И пальцы (большой с указательным) соединил на губах:
— Ты мне, Ляля, сыграешь? Помазались пальцы.
Глаза разрастались на ней.
Все в ней вспыхнуло.
Тут появилась мадам Вулеву из дверей с неприятной ужимочкой, с эквилибристикой мимо Лизаши летающих глазок, всегда выражающих то же (я вам — не мешаю?); и видом две точки поставила; будто хотела сказать:
— Мэзами, обратите вниманье свое!
Эдуард Эдуардович очень любезно осклабился, будто просил ее взором:
— Простите!
Мадам Вулеву отвечала без слов очень сдержанно, с подчерком, что она, право, не знает, о чем это он вопрошает и в чем извиненья приносит; и сухо строчила словами.

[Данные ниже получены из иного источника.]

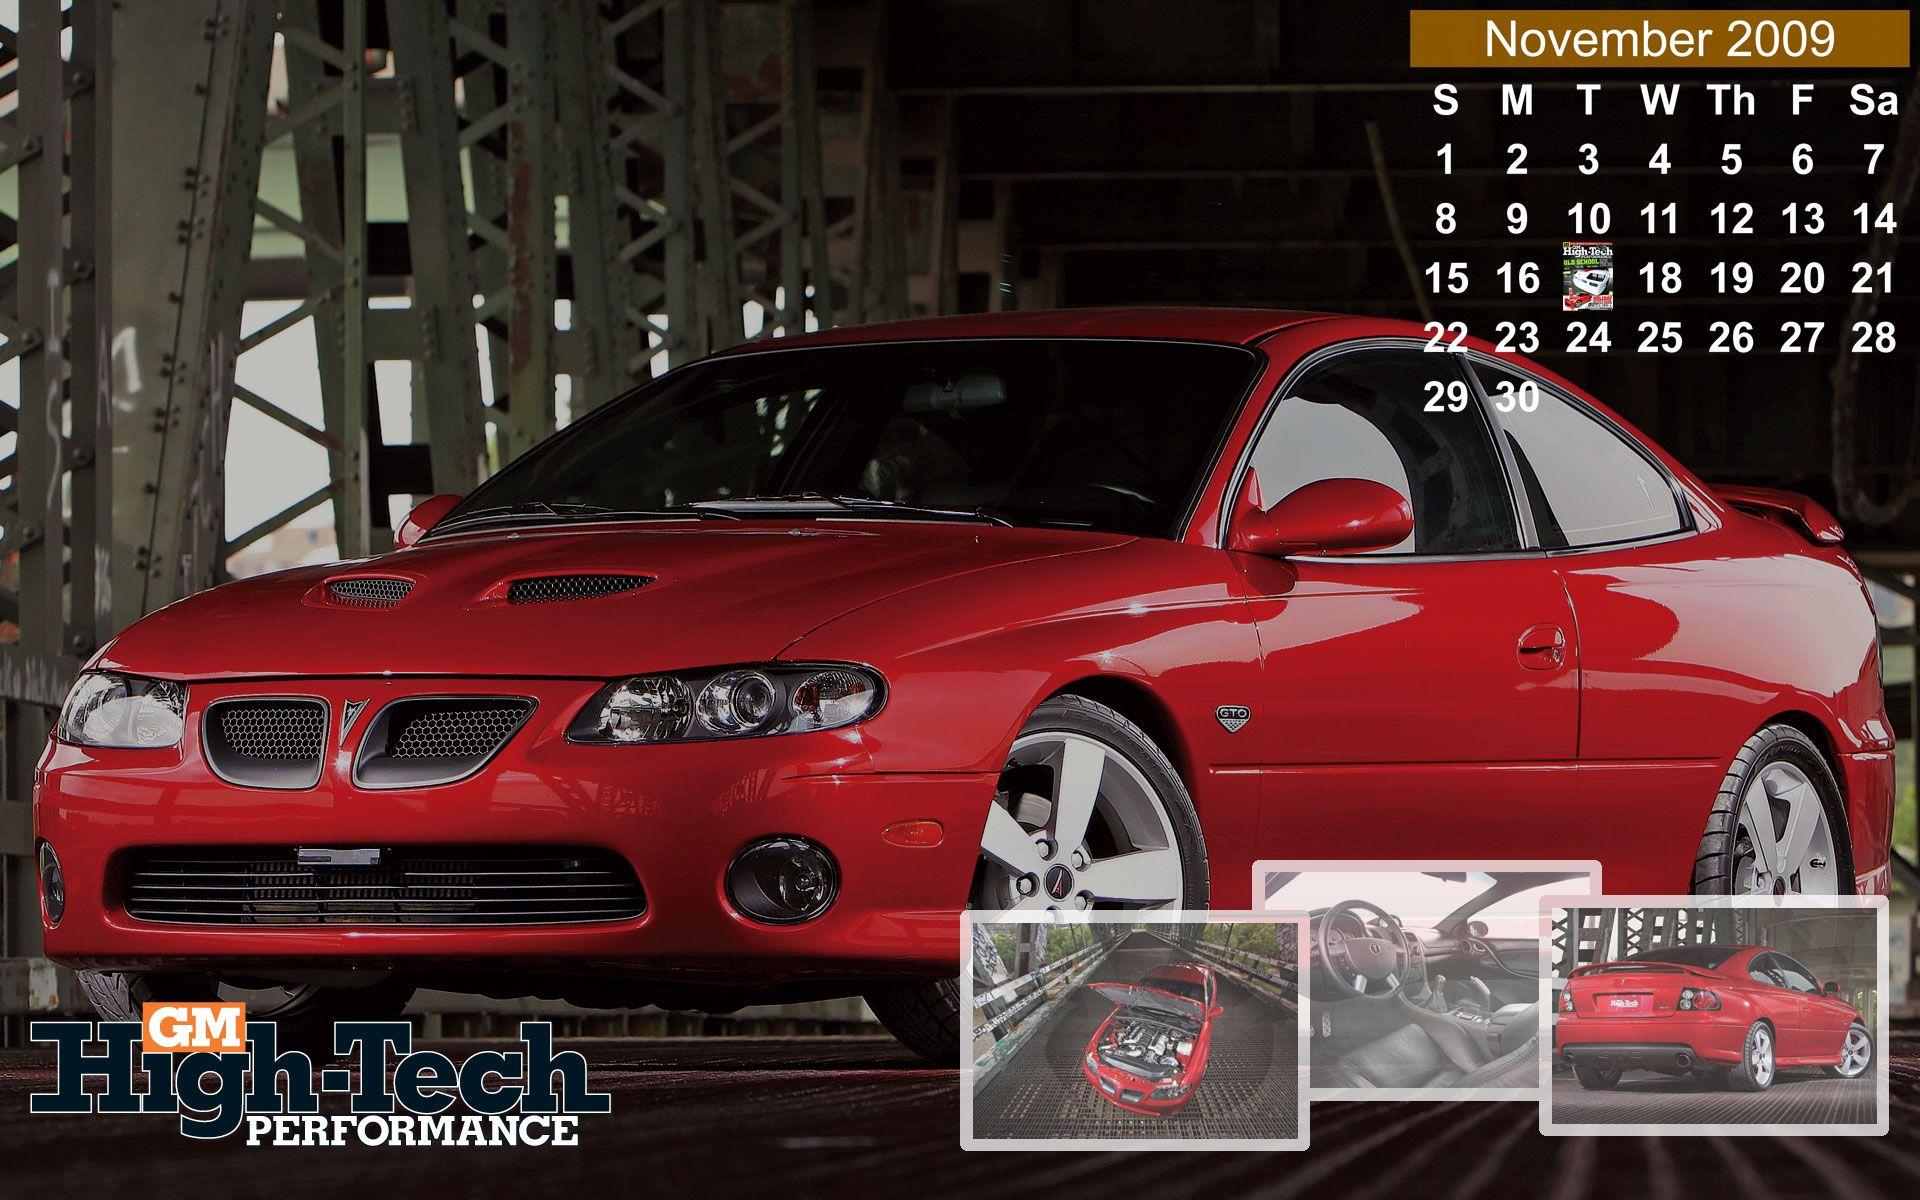 2006 Pontiac Gto wallpaper   188648 1920x1200

Он — бурно любезен с ней был; он недавно еще подарил ей топазовый перстень.
Лизаша же съежилась, встала, пошла, — узкотазая, с малым открытым роточком. Лизаша дивилася:
Что ж это, что ж?
И казалось бы, — ясен ответ: просто ласка отцовская; все-таки странная; взор его в ней прорастал чем-то жутко-преступным.
Но — чем?
Будто взор свой взлил в душу; и взлив этот жизнь возмутил; с той поры началось это; будто ее облекали в чужое и ей неприсущее платье; ходила как в платье, в себе: в «мадемуазель фон-Мандро», у которой означились вдруг крупнодырые ноздри.
Весь день пробродила Лизаша походкой своей лунатической; и разжемалась; с киськой играла: курнявка раздряпала носик; а глаз разгоранье стояло; меж всеми предмет тами комнат твердела кремнистая ночь: и — замучили: неголюбивые помыслы:
— Полно вам томничать, — ей мимоходом сказала мадам Вулеву.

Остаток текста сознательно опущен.